Although it is not mandatory to supply values of gridcntr, griddim and gridspcn, these parameters should be carefully chosen, because they determine the region to be analyzed (gridcntr and griddim) and the spatial resolution and convergence properties of the results (gridspcn). In particular, although smaller grid spacings will give finer spatial resolution, longer simulation times will be needed to converge the properties in the smaller voxels that result. A larger grid spacing will allow earlier convergence, but will smooth the spatial distributions and hence can reduce accuracy.
The reference density of water (rdval) is taken by default to be the experimental number density of pure water at 300 K and 1 atm. However, different water models may yield slightly different bulk densities under these conditions, and the density also depends on T and P. If you know that the bulk density of the water model you are using, at the T and P of your simulation, deviates significantly from 0.0334 water molecules/Å3, it would be
advisable to supply the actual value with the refdens keyword, instead of allowing GIST to supply the default value.
GIST generates a main output file and a collection of grid data files that by default are in Data Explorer format (.dx); this can be changed via the ext keyword. These grid files enable visualization of the various gridded quantities, such as with the program VMD [reference]. If the doeij keyword is provided, GIST also writes out a matrix of water-water interactions between pairs of voxels. In addition, run details are written to stdout, which can be
redirected into a log file.
Note that a number of quantities are written out as both densities and normalized quantities. For example, the output file includes both the solute-water energy density and the normalized (per water) solute-water energy. In all cases, the normalized quantity at voxel i, Xi;norm is related to the corresponding density, Xi;dens, by the relationship Xi;norm = riXi;dens, where ri is the number density of water in the voxel. The normalized quantity
provides information regarding the nature of the water found in the voxel. The density has the property that, if the grid extended over the entire simulation volume, the total system quantity would be given by Xtot =Vvoxel åi Xi;dens, where Vvoxel is the volume of one grid voxel.
The main output file takes the form of a space-delimited-variable file, where each row corresponds to one voxel of the grid. This file can easily be opened with and manipulated with spreadsheet programs like Excel and LibreOffice Calc. The columns are as follows.

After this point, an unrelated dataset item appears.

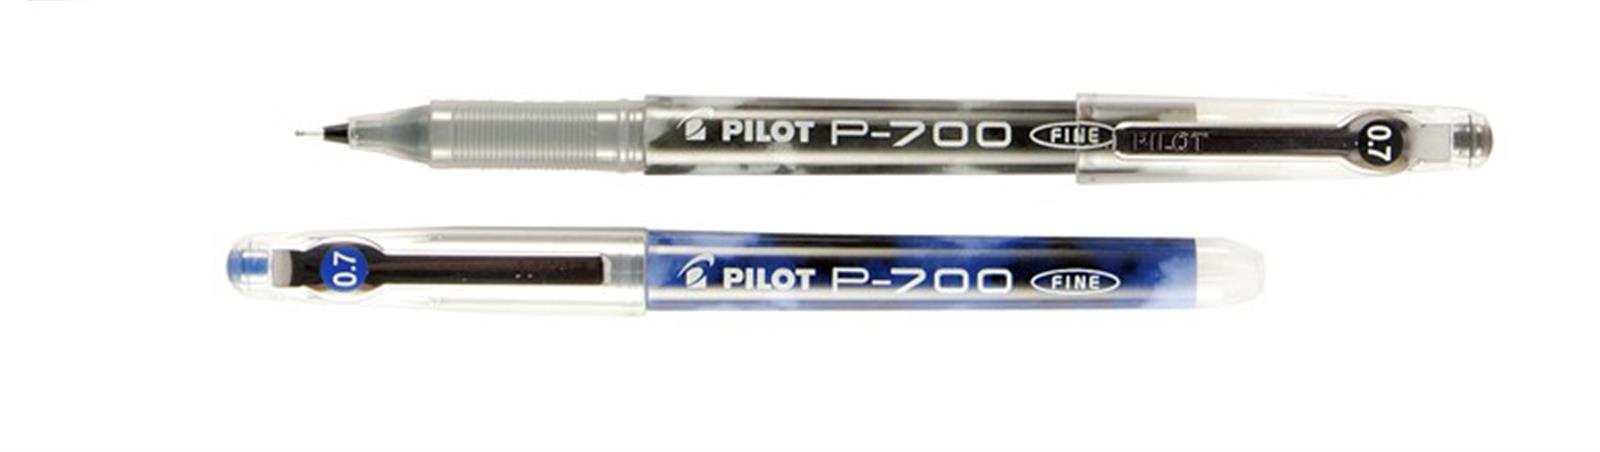 עט פיילוט P700
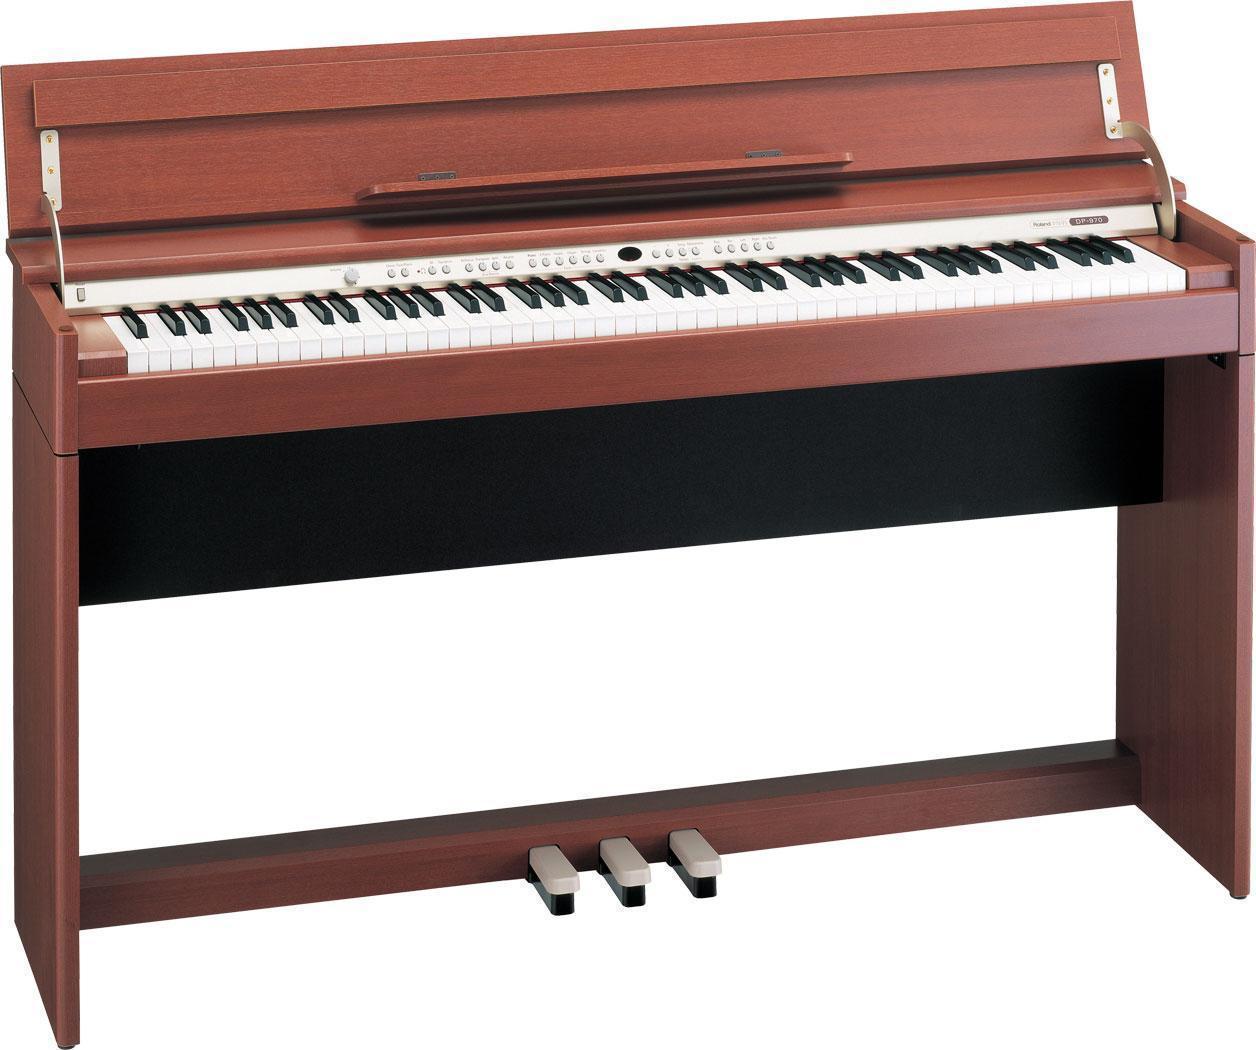 đàn piano điện Roland dp 970

• index – A unique, sequential integer assigned to each voxel
• xcoord – x coordinate of the center of the voxel (Å)
• ycoord – y coordinate of the center of the voxel (Å)

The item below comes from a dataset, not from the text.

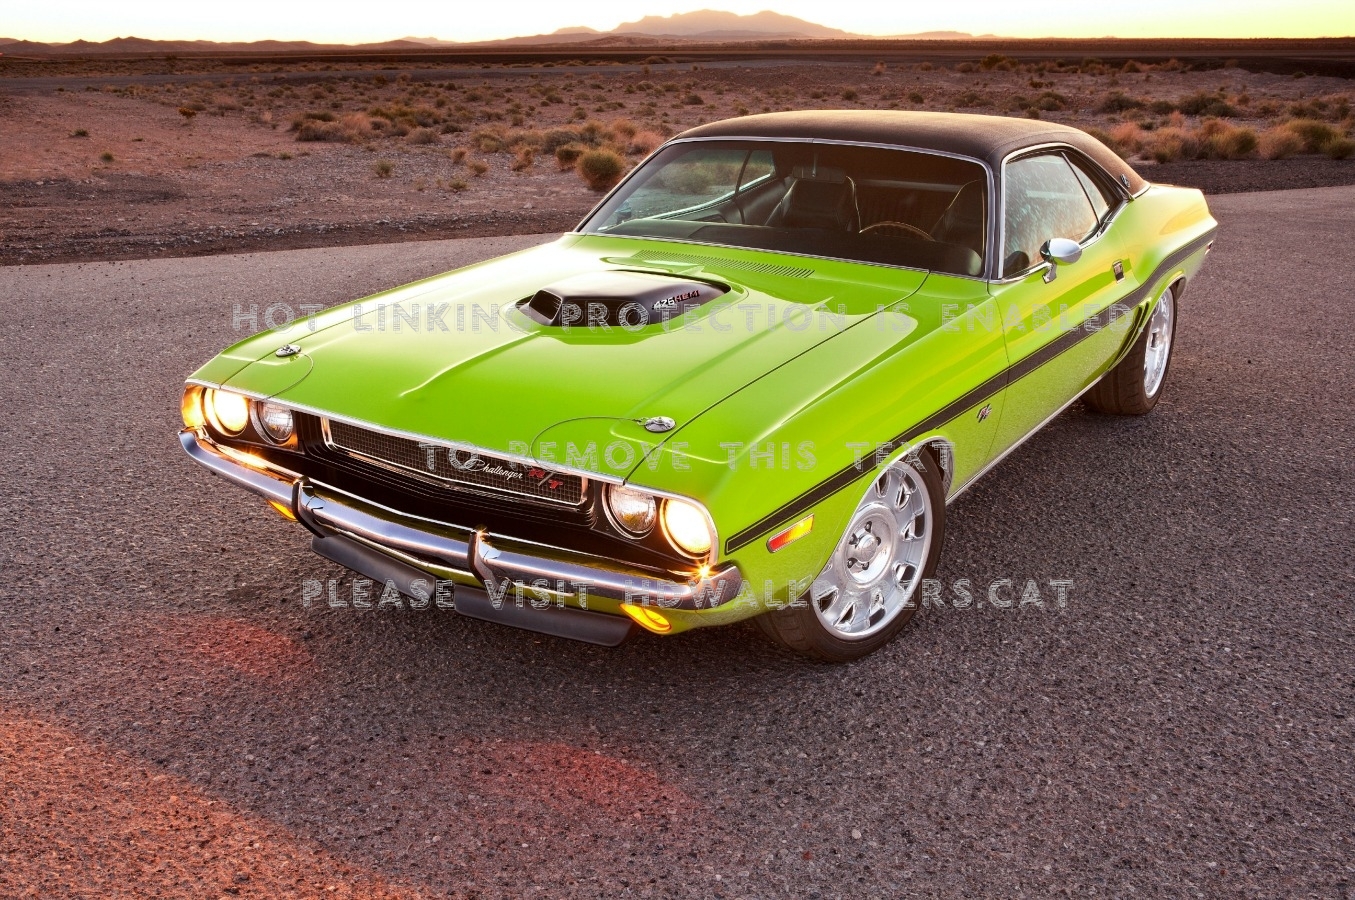 1 000 Hp 1970 Dodge Challenger Mopar Lime - Green 1970 Dodge Challenger Rt - HD Wallpaper

• zcoord – z coordinate of the center of the voxel (Å)
• population – Number of water molecule, ni, found in the voxel over the entire simulation. A water molecule is deemed to populate a voxel if its oxygen coordinates are inside the voxel. The expectation value of this quantity increases in proportion to the length of the simulation.
• g_O – Number density of oxygen centers found in the voxel, in units of the bulk density (rdval). Thus, the expectation value of g_O for a neat water system is unity.
• g_H – Number density of hydrogen centers found in the voxel in units of the reference bulk density (2rdval). Thus, the expectation value of g_H for a neat water system would be unity.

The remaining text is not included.